所述通过N-way K-shot方法得到支撑集和查询集包括：The support set and query set obtained by the N-way K-shot method include:

从数据集中随机抽取N个类，每个类抽取k个样本作为支撑集，支撑集中的样本用于生成N个类的原型；N classes are randomly selected from the data set, k samples are selected from each class as the support set, and the samples in the support set are used to generate prototypes of N classes;

再从N个类剩余的样本中每类抽取k个样本作为查询集，查询集用于计算网络的准确率，一样模型性能。Then, k samples are extracted from each of the remaining samples of the N classes as a query set, and the query set is used to calculate the accuracy of the network, which is the same as the model performance.

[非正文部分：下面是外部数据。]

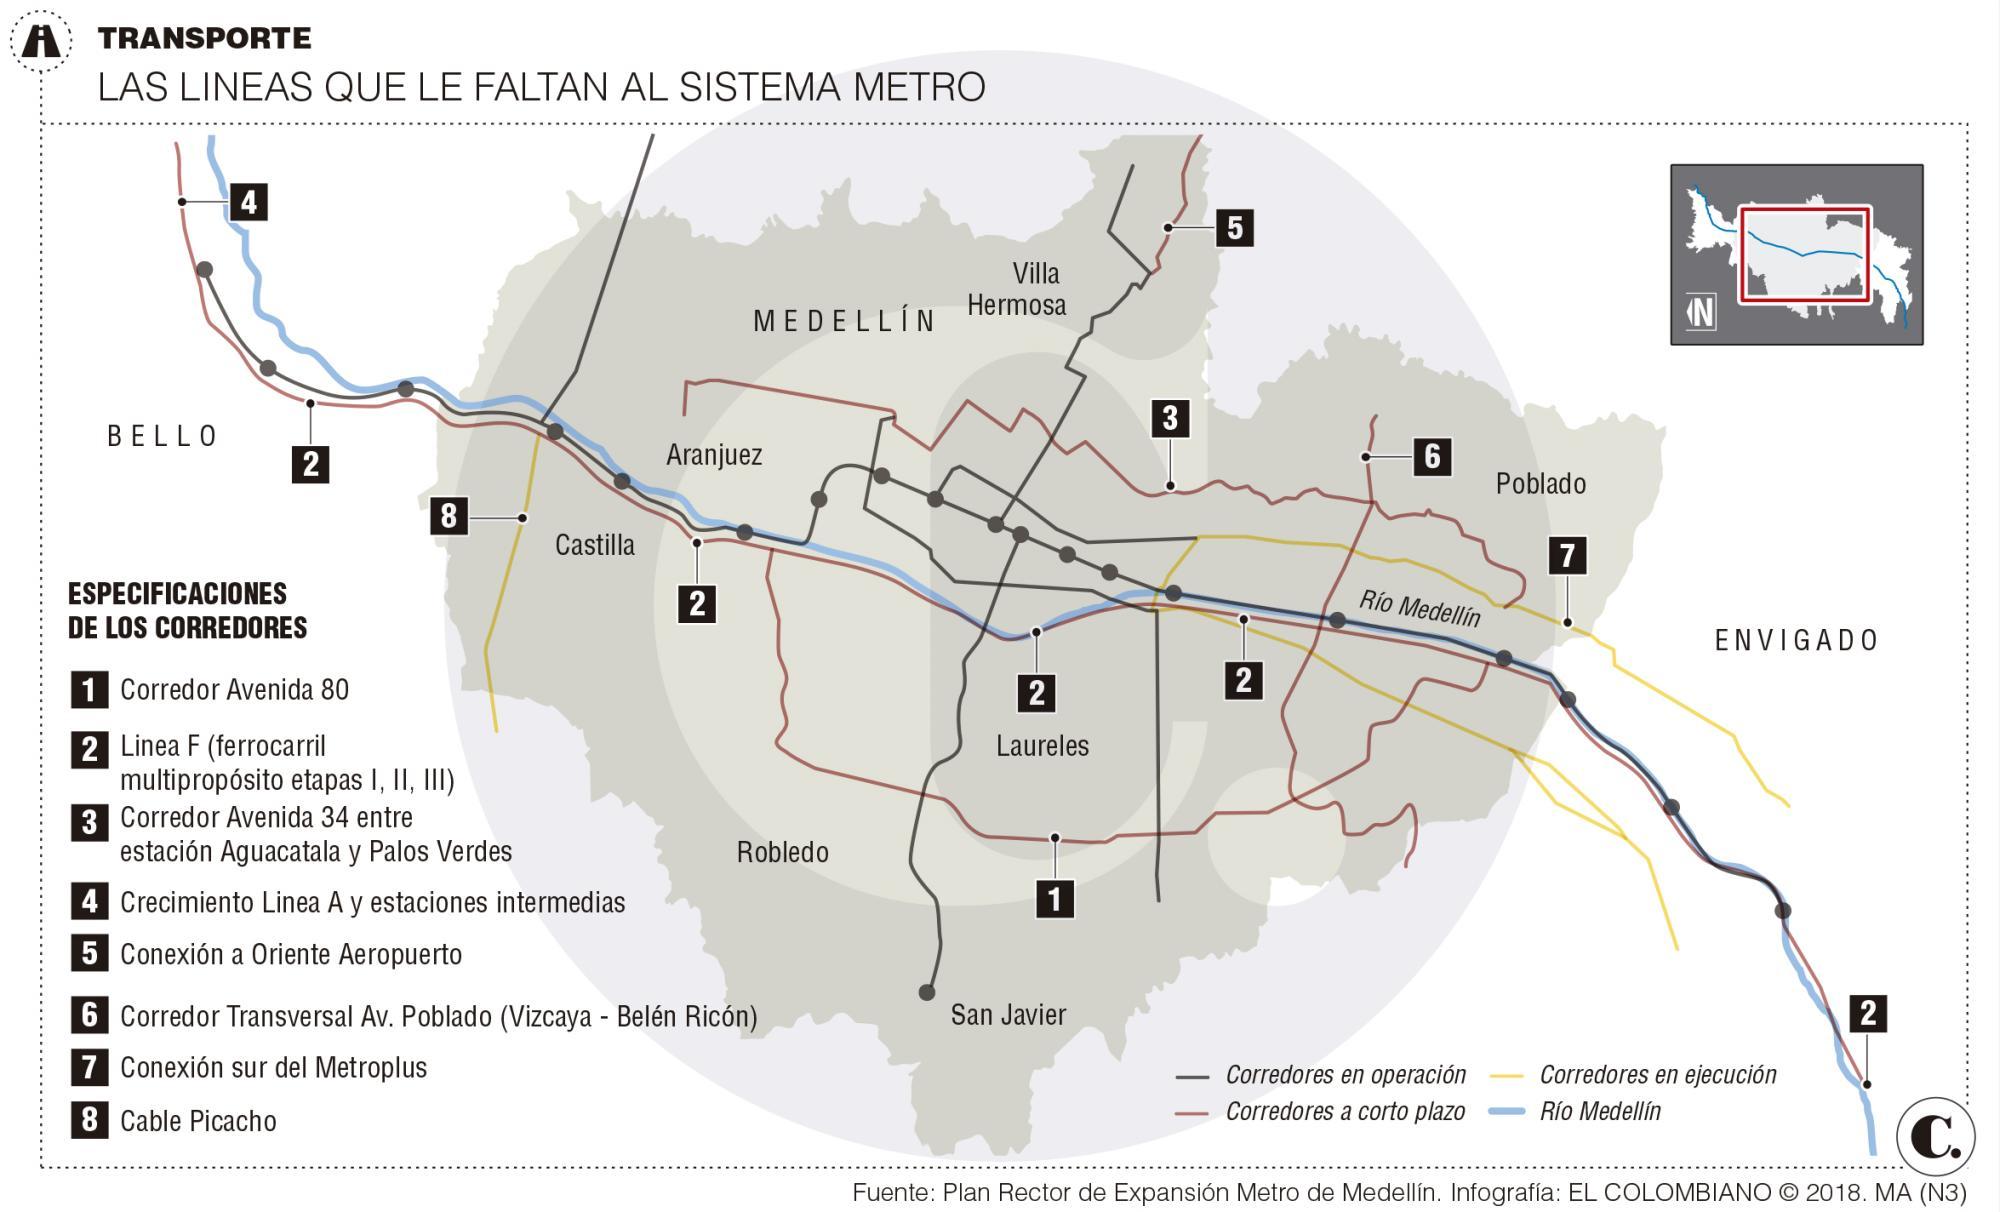 Fallas en el Metro de Medellín: soluciones

所述类特征提取步骤的具体内容包括：The specific content of the class feature extraction step includes:

对特征嵌入步骤中得到的支撑集样本特征向量e_ij进行变换得到

其中，W_s、b_s为转换矩阵和偏置项，Squash函数是一个非线性函数将向量压缩，使其长度在0到1之间对向量的长度进行归一化；Transform the support set sample feature vector e_ij obtained in the feature embedding step to obtain

Among them, W_s and b_s are the transformation matrix and the bias term, and the Squash function is a nonlinear function that compresses the vector so that its length is between 0 and 1 to normalize the length of the vector;

通过迭代的方式对输入向量

的权重向量更新后得到类整体特征。Iterate over the input vector

The weight vector of is updated to obtain the overall feature of the class.

具体的迭代过程包括：The specific iterative process includes:

d_ij＝softmax(b_i)d_ij =softmax(b_i )

其中，d_ij表示的是输入向量与输出类特征c_i间的关联关系，b_ij的初始值为0，经过Softmax函数后就变为均匀分布，c_i为输出的第i类支撑集样本的类特征。Among them, d_ij represents the relationship between the input vector and the output class feature c_i , the initial value of b_ij is 0, and it becomes a uniform distribution after passing through the Softmax function, and c_i is the output of the i-th support set sample. class features.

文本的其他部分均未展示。